B1.1 - Keeping Healthy Flashcards
What does a balanced diet include?
Everything needed to keep the body healthy.
What do carbohydrates, fat and protein do in the body?
Release energy and build cells.
What do mineral ions and vitamins do in the body?
They keep it healthy.
What does it mean to be malnourished?
- Have an unbalanced diet
- Don’t receive everything that they need to keep the body healthy.
What happens if you do more exercise?
- More energy is used by the body.
- Increases the metabolic rate.
What is the metabolic rate?
The rate at which chemical reactions happen in cells.
What else can affect your metabolic rate?
- Proportion of muscle to fat in body
- Inherited factors
Describe the relationship between energy and mass.
If you take in more energy, your mass will increase.
What can happen if you eat too much food?
- You can become overweight and/or obese.
- Leads to long term problems like Type 2 diabetes.
What sort of effects on health can inherited factors cause?
- Metabolic rate
- Cholesterol levels
What benefits does exercising regularly have?
- Increase their metabolic rate
- Lower high cholesterol levels.
What are pathogens?
Microorganisms that cause infectious diseases.
What are most pathogens?
Bacteria or viruses.
What happens when a pathogen enters the body?
- Reproduces rapidly.
- Produces toxins, to make you feel ill.
How do viruses infect the body?
- Reproduce inside cells
- Damage cells, to make you feel ill.
Who was the first doctor to realise that washing hands removes pathogens from them?
Ignaz Semmelweis
Give three ways that pathogens are prevented from attacking the body.
- Mucus.
- Killed by stomach acid.
- Skin
Name 3 ways that white blood cells destroy pathogens.
- Ingest pathogens to digest and destroy them.
- Produce antibodies to destroy particular pathogens.
- Produce antitoxins to counteract the pathogens’ toxins.
Why are antibiotics only able to kill bacteria?
Viruses reproduce inside your body cells.
On what medium can bacteria be grown on?
Agar jelly.
What are the three stages needed for preparing a culture for bacteria?
Pre-inoculation
Inoculation
Post-inoculation
What processes happen in pre-inoculation?
- Petri dish sterilized so that unwanted bacteria is killed.

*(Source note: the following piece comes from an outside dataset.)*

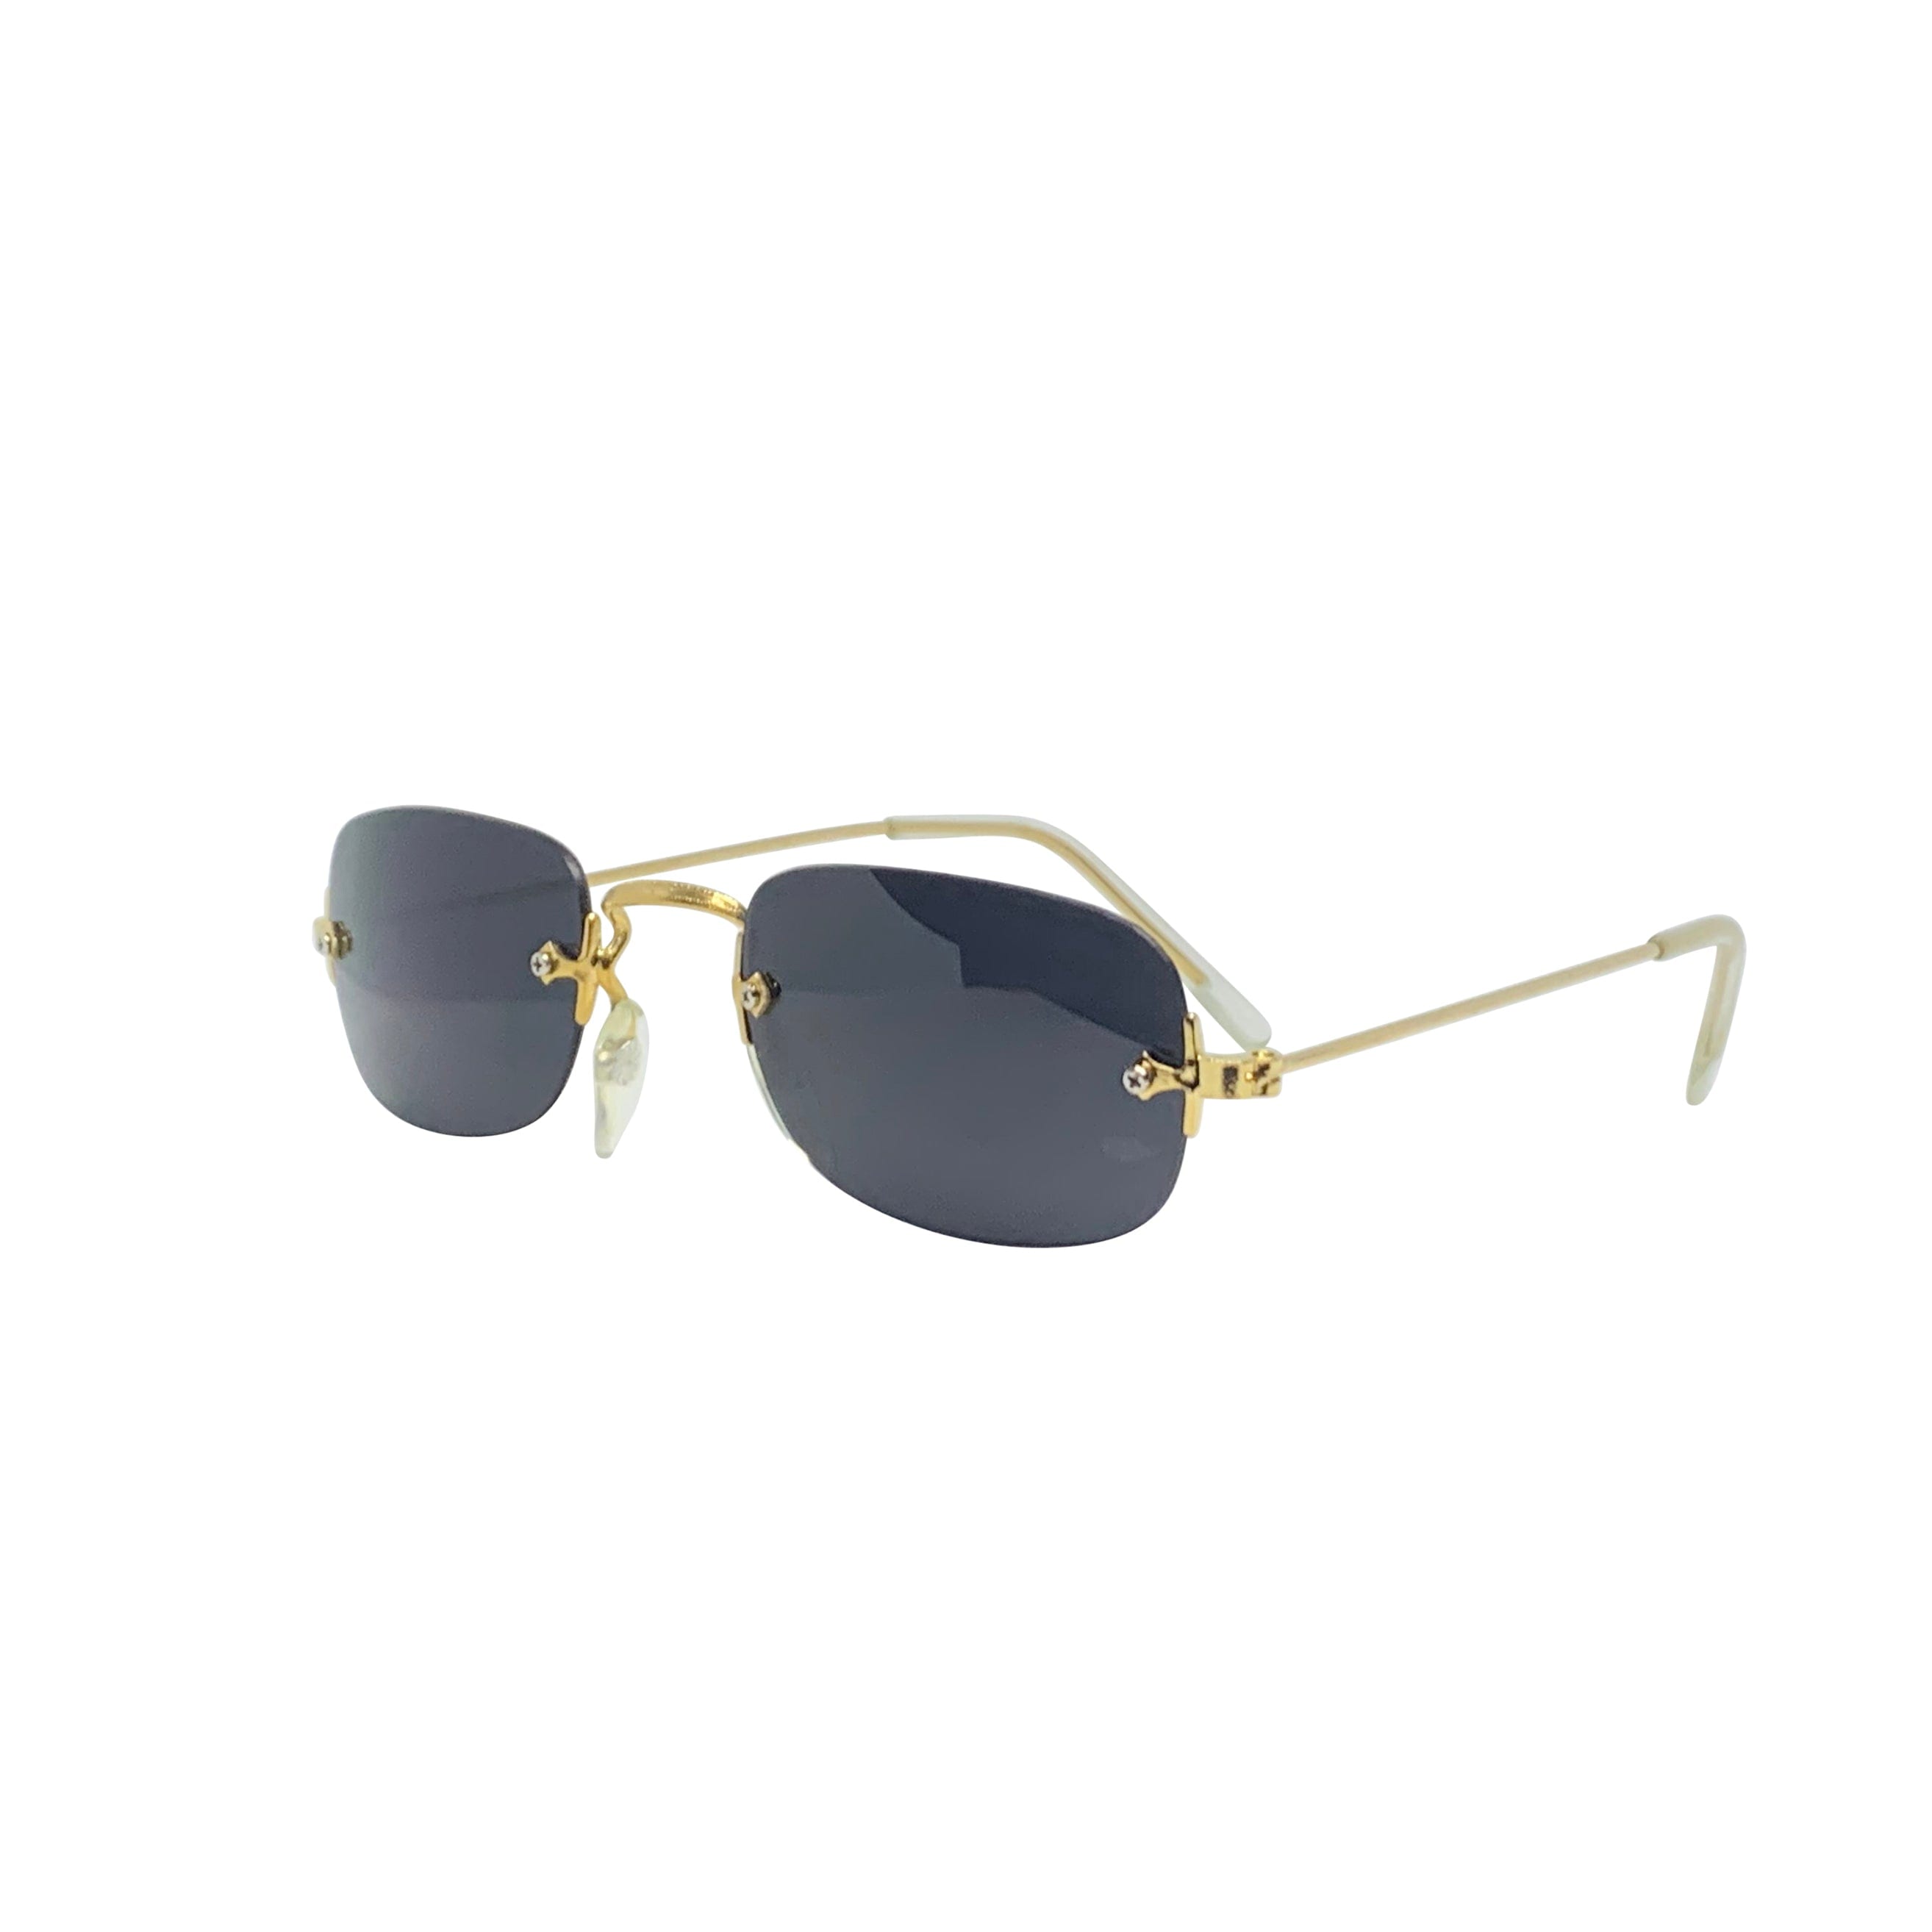 SOUP Rimless 90s Gold/Super Dark Sunglasses

- Inoculating loop passed through flame so that bacteria is sterilized.
What processes happen in inoculation?
- Loop used to spread bacteria over agar jelly
- Lid of Petri dish opened as little as possible to prevent microbes from entering through air.
What processes happen in post-inoculation?
- Sealed with tape to ensure that microbes don’t enter by air.
- Incubated to allow growth of bacteria.
What do some pathogens spread quickly?
- Viruses mutate into new strains.
- Few people are immune to mutated pathogens.
What is an epidemic?
Diseases that spread within a country.
What is a pandemic?
Diseases that spread across countries.
How are antibiotic-resistant bacteria made? (H)
- Some mutations of pathogens are immune to antibiotics.
- Antibiotics kill non-resistant strain of pathogen.
- Resistant bacteria reproduce to make a whole population of a resistant strain. This is natural selection.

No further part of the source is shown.